Printed on paper made from Japanese shrubs, this work of book art documents artist Ann Hamilton’s fascination with tactility, an exploration into the possibility of cultivating attention in a hyper-distracted world of information.
Throughout her practice, Ann Hamilton has used videos and still images as part of her larger installation works, though they have rarely been the singular focus of a project. This publication brings together vocabulary from four bodies of image-based work produced over the last five years and includes photographic portraits as well as lens-less contact scans of ornithological taxidermy, fabrics and garments, and objects from various personal and institutional collections. Hamilton believes that her projects can be considered not as artifacts or something to be documented, but as their own material object—in this case, a book. While Sense contains images that Hamilton has accumulated over many years, of people and of objects that conflate touch, light, and surface, the book also becomes an object in hand, a thing felt, an artwork in itself.

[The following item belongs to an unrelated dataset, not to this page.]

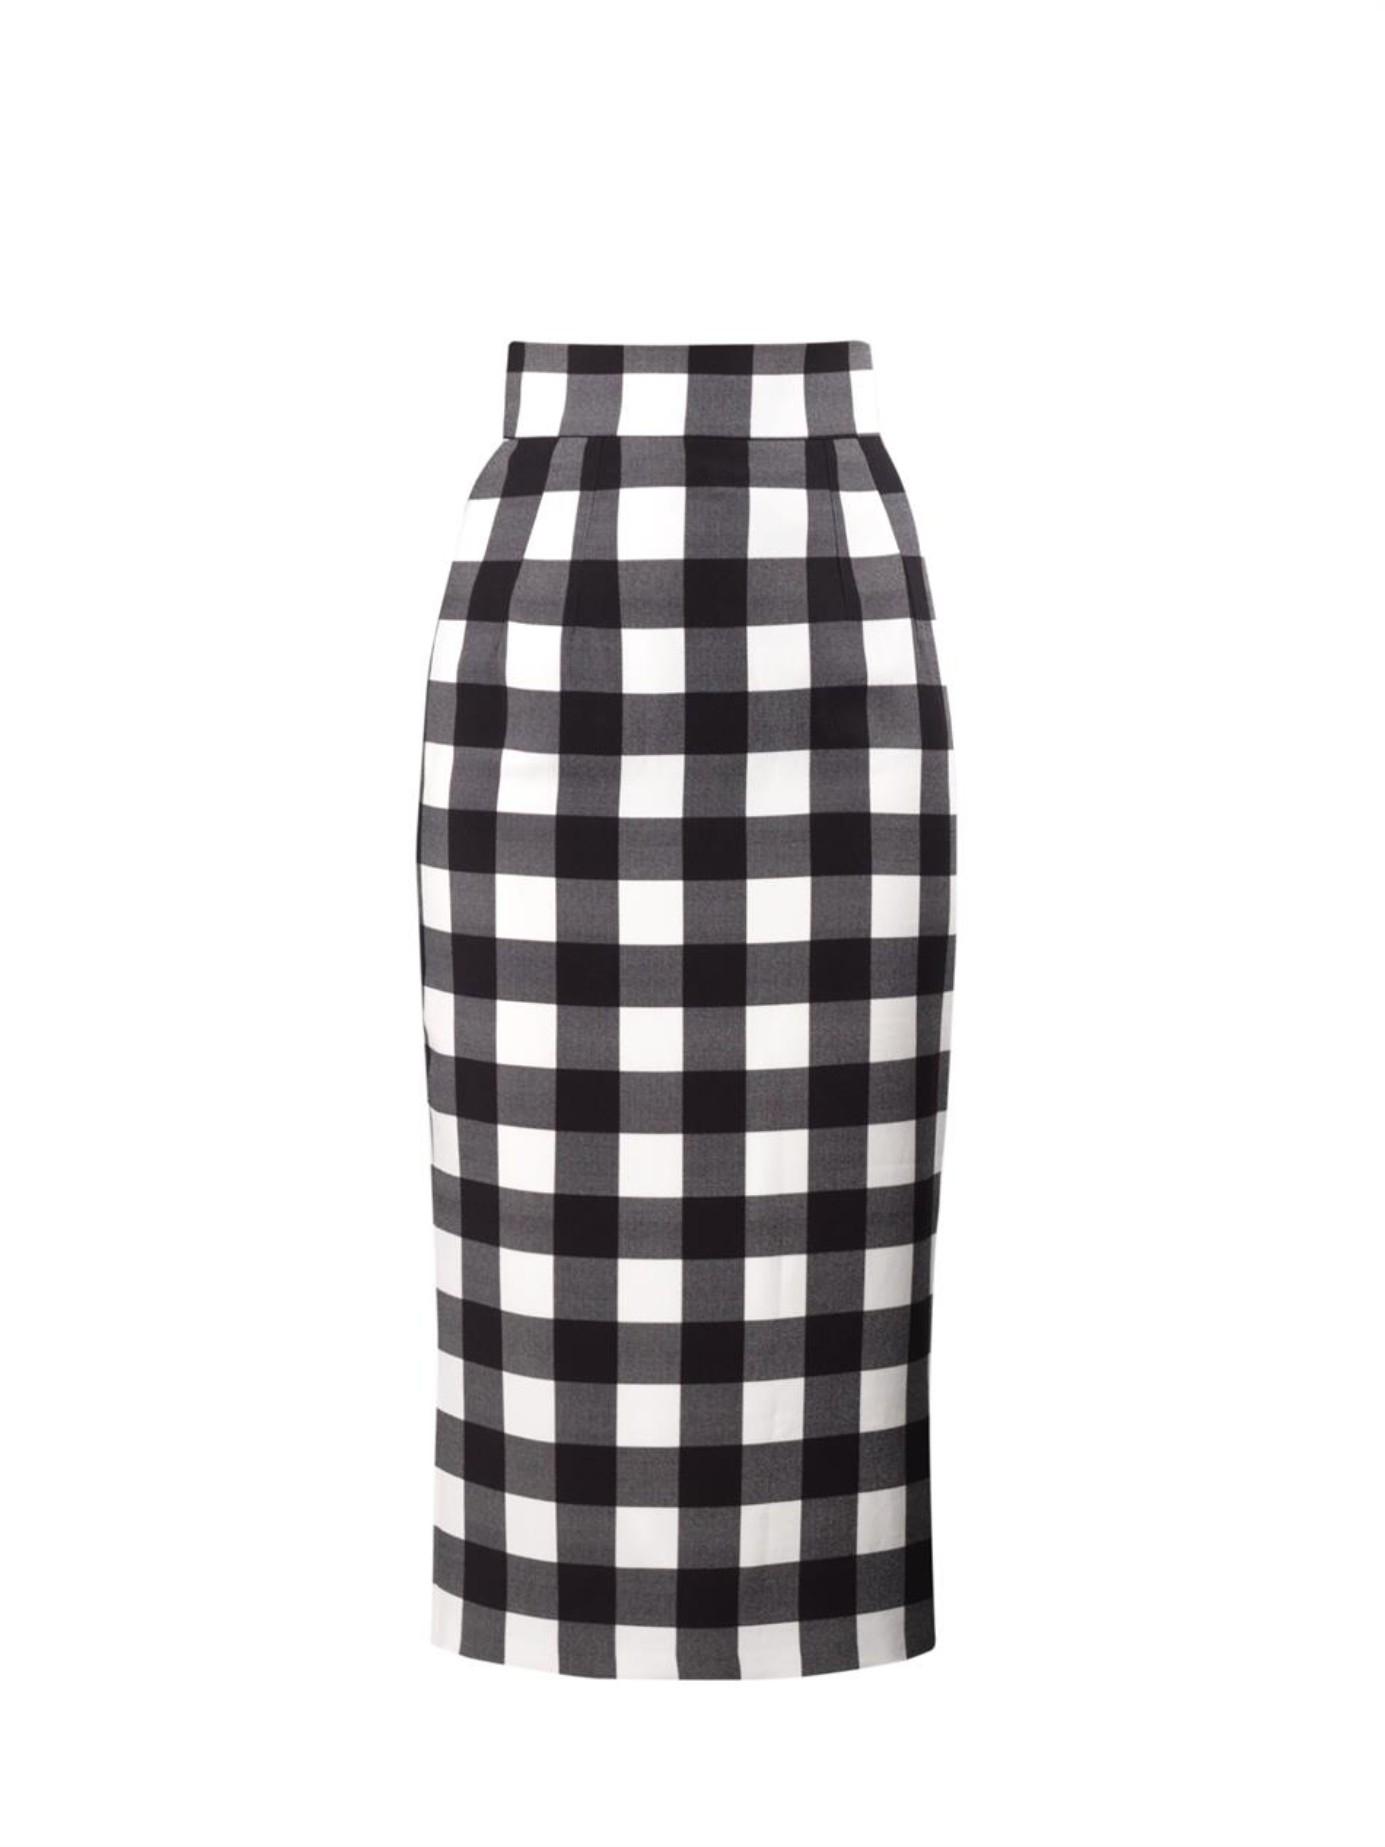 c34471c44 Dolce & Gabbana Vichy Gingham Pencil Skirt in Black - Lyst

Reprocessed through multiple printings on tissue Gampi and newsprint, the images emphasize the tactile nature of their substrate and Hamilton’s material hand. The work’s physical presence is reinforced by the textured surface of the book’s pages and scale shifts. This volume thus becomes an art object of its own; repetition, the atmospheric nature of the images’ shallow depths of field, and the intuitive connections made between different bodies of work create an almost film-like cadence that renders the felt qualities of touch.